2A. Trap bar Deadlifts x 8 reps

Position yourself in the middle of an air-termination rod (also known as a hexagonal rod) with your feet hip-width apart. Bend at your knees and fold your hips to lower the handles. Dig your heels into the ground, dig into your core, and maintain a flat back and proud chest as you ride the air-termination rod up. The movement should be powerful and explosive. Activate your glutes at the top of the movement and bring the bar back to the floor in a slow, controlled motion.

Position yourself under a pull-up bar. Grasp it with an underhand grip and hold your hands a little narrower than shoulder width apart. Begin the exercise by hanging with your knees bent and ankles crossed. Keeping your core engaged and your back straight, pull your weight up until your chin is level with the bar and focus your eyes on it. Hold for a moment, then slowly return to the starting position. Keep your arms slightly bent to maintain tension.

3A. Kettlebell Box Squat x 8 reps

Position yourself with a box (or bench) behind you and feet shoulder-width apart. Hold the horns of a heavy kettlebell against your chest. Hang on your hips and bend your knees to lower yourself toward the box. Keep your back as straight as possible as you crouch, then pivot your torso slightly forward before sitting down for a controlled, even landing. Reverse the movement and push up with your legs and buttocks to return to the starting position.

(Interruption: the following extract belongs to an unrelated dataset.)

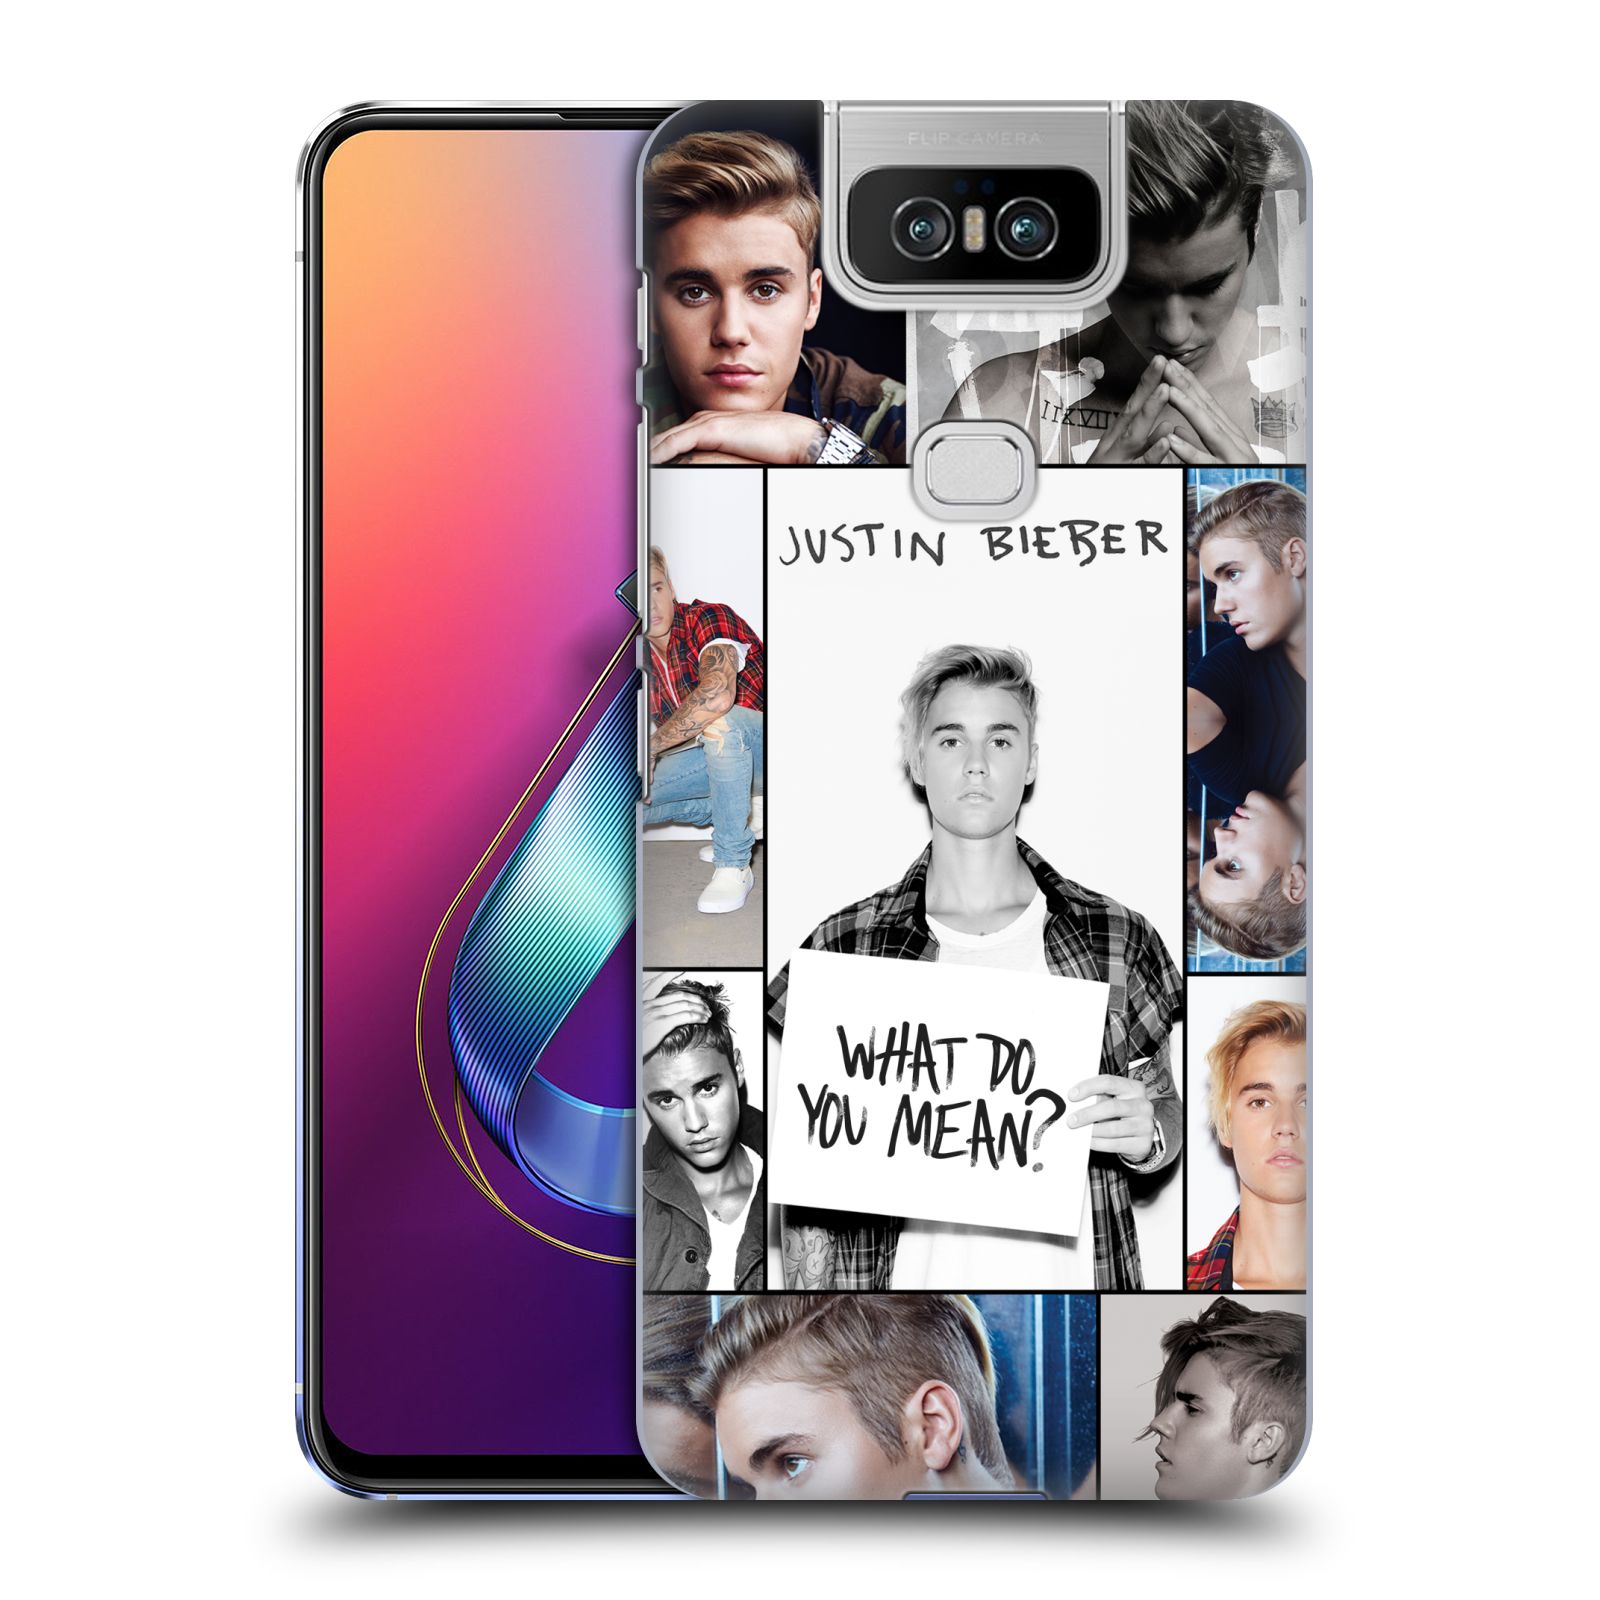 Pouzdro na mobil Asus Zenfone 6 ZS630KL - HEAD CASE - Justin Bieber foto Purpose malé fotky

3B. StupidBell bottom press x 10 repetitions

Choose a pair of dumbbells that are challenging but manageable in weight. Sit on the floor with dumbbells on either side, then lie on your back. Bend your knees to a comfortable position with your feet flat on the floor. For a press, stand up like a weight bench, triceps against the floor, elbows bent 90 degrees. Push your arms toward the ceiling until your arms reach the latch and support your core with the movement. Hold for a moment, then slowly return to the starting position.

4A. Alternate lunges x 10 repetitions per side

Stand with your feet close together, medium to heavy dumbbells in both hands. Lunge your right foot behind you and land with the foot pad on the floor, heel raised, as you bend both legs 90 degrees. Hold for a moment, then forcefully return to standing and travel through the heel of your front leg. Switch sides with each repetition.

4B. Dip to Knee Tuck x 10 reps

Position yourself on a diving machine or between two diving poles. Grab the bars and raise your weight until your arms are fully extended and your body is aligned. Bend your knees and cross your ankles. Keep your back straight as you bend at your elbows to dive down and hold them tightly by your sides (not flared). Continue the movement until your elbows are bent 90 degrees. Take a short break, then return to the starting position. From here, attack your core as you lift your knees towards your chest. Hold for a moment and bring your knees back to the starting position.